La Suède devrait réévaluer ses politiques et ses propositions, et se recentrer sur des actions concrètes et ciblées visant à faire en sorte que ses politiques climatiques suivent une trajectoire lui permettant d’atteindre ses objectifs nationaux et ceux de l’UE. Le gouvernement devrait rendre son plan d’action climatique plus spécifique en fixant des étapes claires et mesurables et en définissant des mesures détaillées pour réduire efficacement les émissions et accroître les absorptions nettes du secteur UTCATF. Une commission d’enquête gouvernementale est chargée de définir des stratégies efficaces pour éliminer les combustibles fossiles et atteindre les objectifs RRE à l’horizon 2030 et l’objectif climatique à l’horizon 2045, et devrait rendre ses conclusions en mai 2026. Comme le recommandaient la précédente Étude économique de l’OCDE (OCDE, 2023) et le dernier Examen environnemental de la Suède réalisé par l’OCDE (OCDE, 2025 [46]), la Suède devrait s’attacher à renforcer son train de mesures global pour réduire les émissions dans tous les secteurs, en particulier dans ceux non couverts par le SEQE-UE comme les transports, l’agriculture et le secteur UTCATF, notamment en améliorant la surveillance des émissions agricoles, en rétablissant des incitations ciblées en faveur des véhicules électriques, comme un système de prime (tableau 2.1), et en annulant les récentes mesures d’assouplissement de la politique climatique mentionnés ci-dessus.
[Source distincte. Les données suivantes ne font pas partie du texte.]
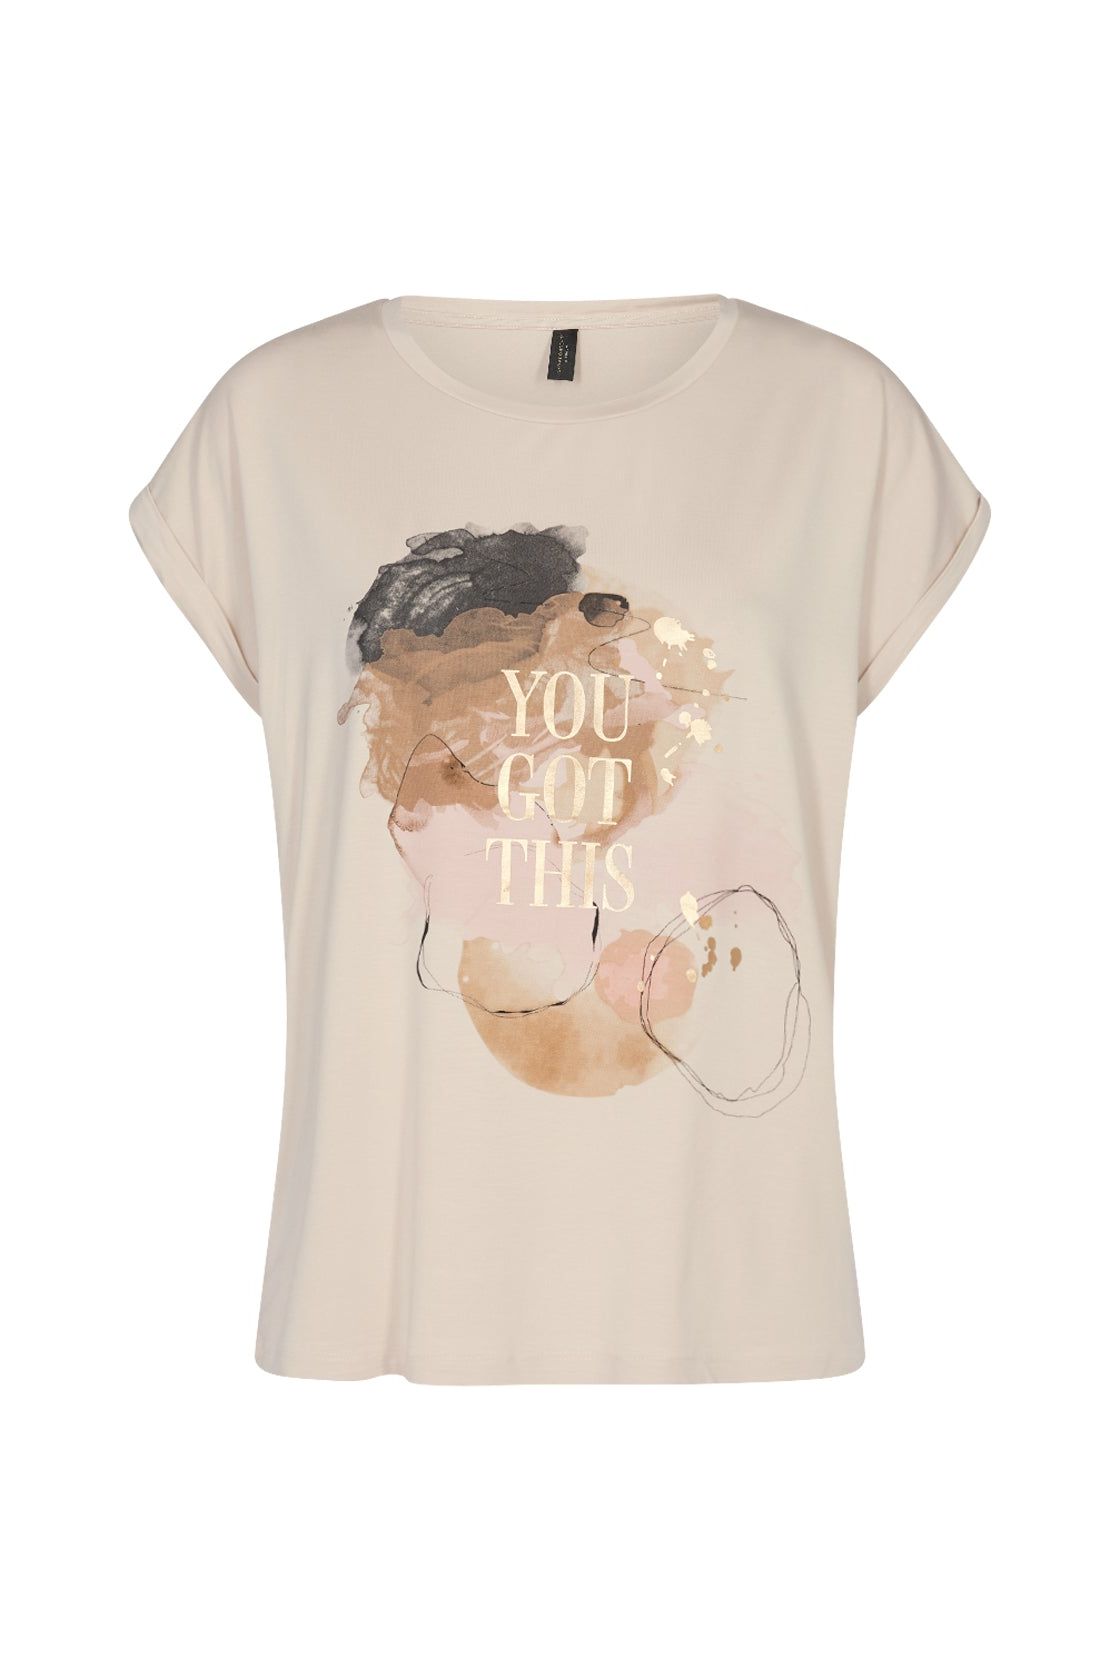 Soya Concept - Ladies Knitted T-Shirt  with the words "You Got This" - Cream - P25608
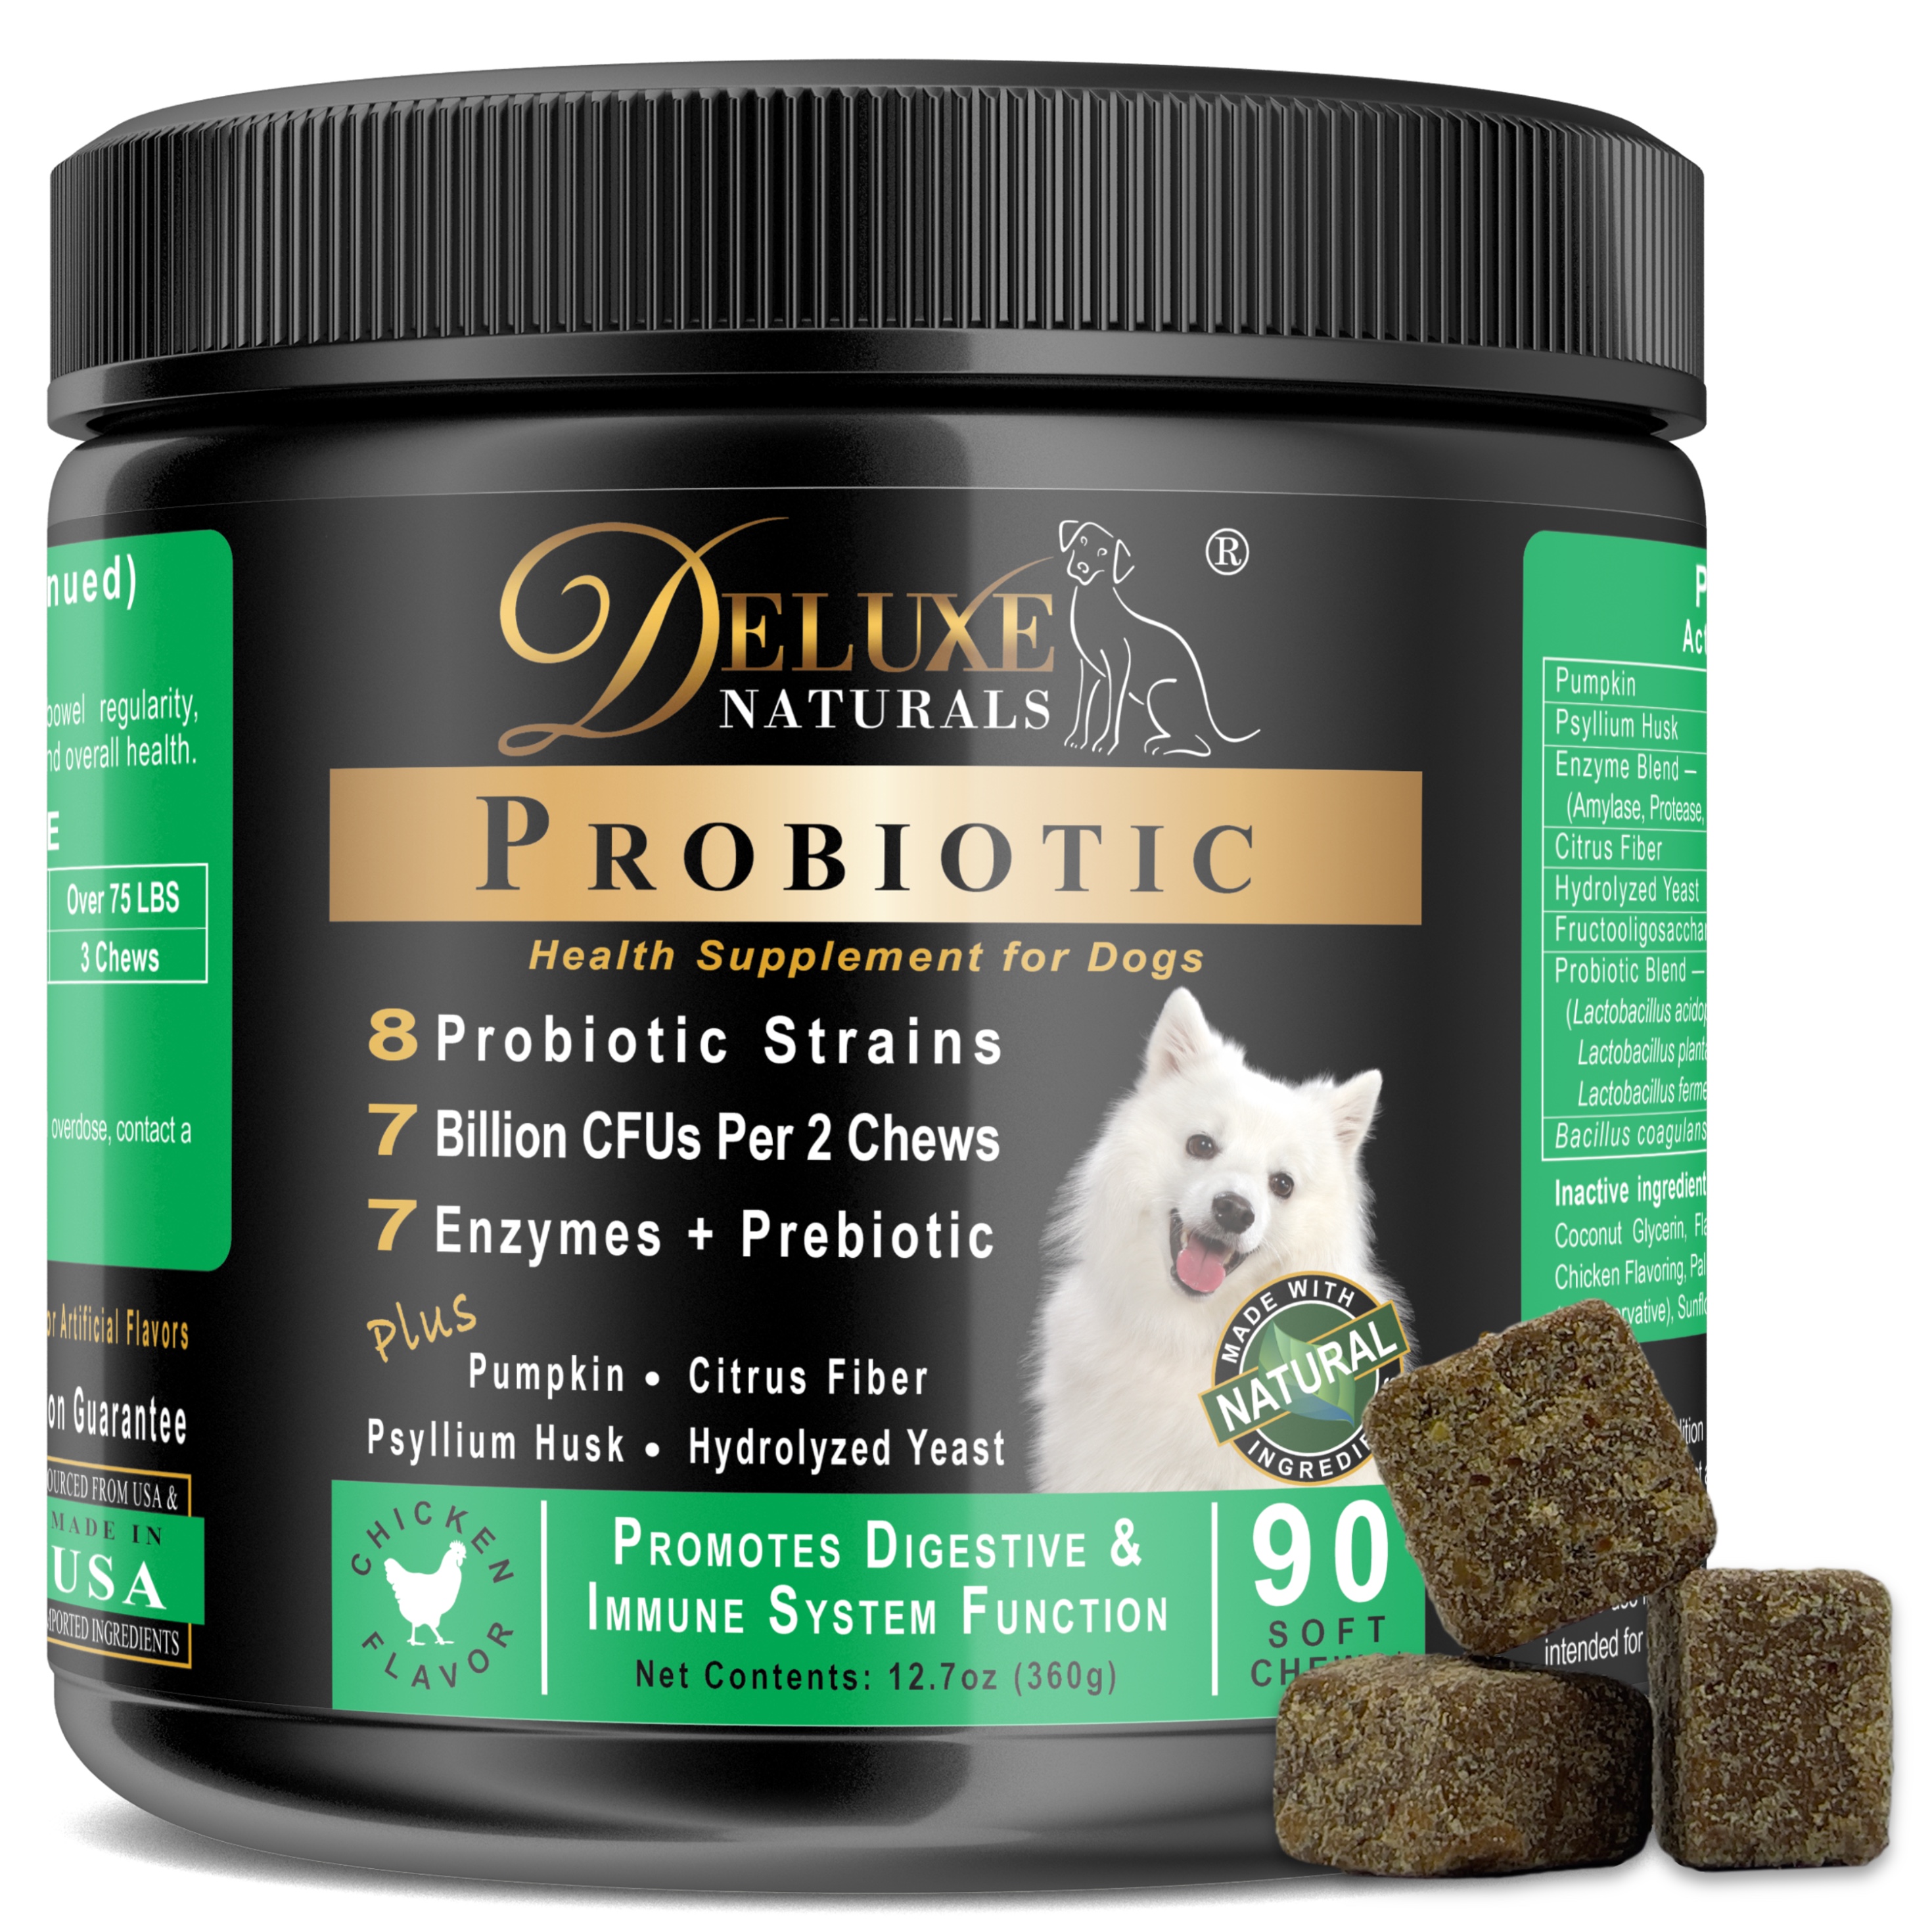 Deluxe Naturals Probiotics for Dogs | All-Natural Dog Probiotic Soft Chews with Enzymes, Prebiotics, Pumpkin | Promotes Digestive Health, Improves Allergy & Immunity - 90 Count (Pack of 1) - image 1 of 10

La Suède devrait également développer ses politiques en faveur des émissions négatives en introduisant des subventions ou des crédits d’impôt pour les technologies qui ne sont actuellement pas couvertes par le système d’échange de quotas d’émission de l’UE ni par la taxe carbone suédoise, et rechercher des synergies entre la préservation de la biodiversité et la séquestration du carbone dans les forêts et les zones humides.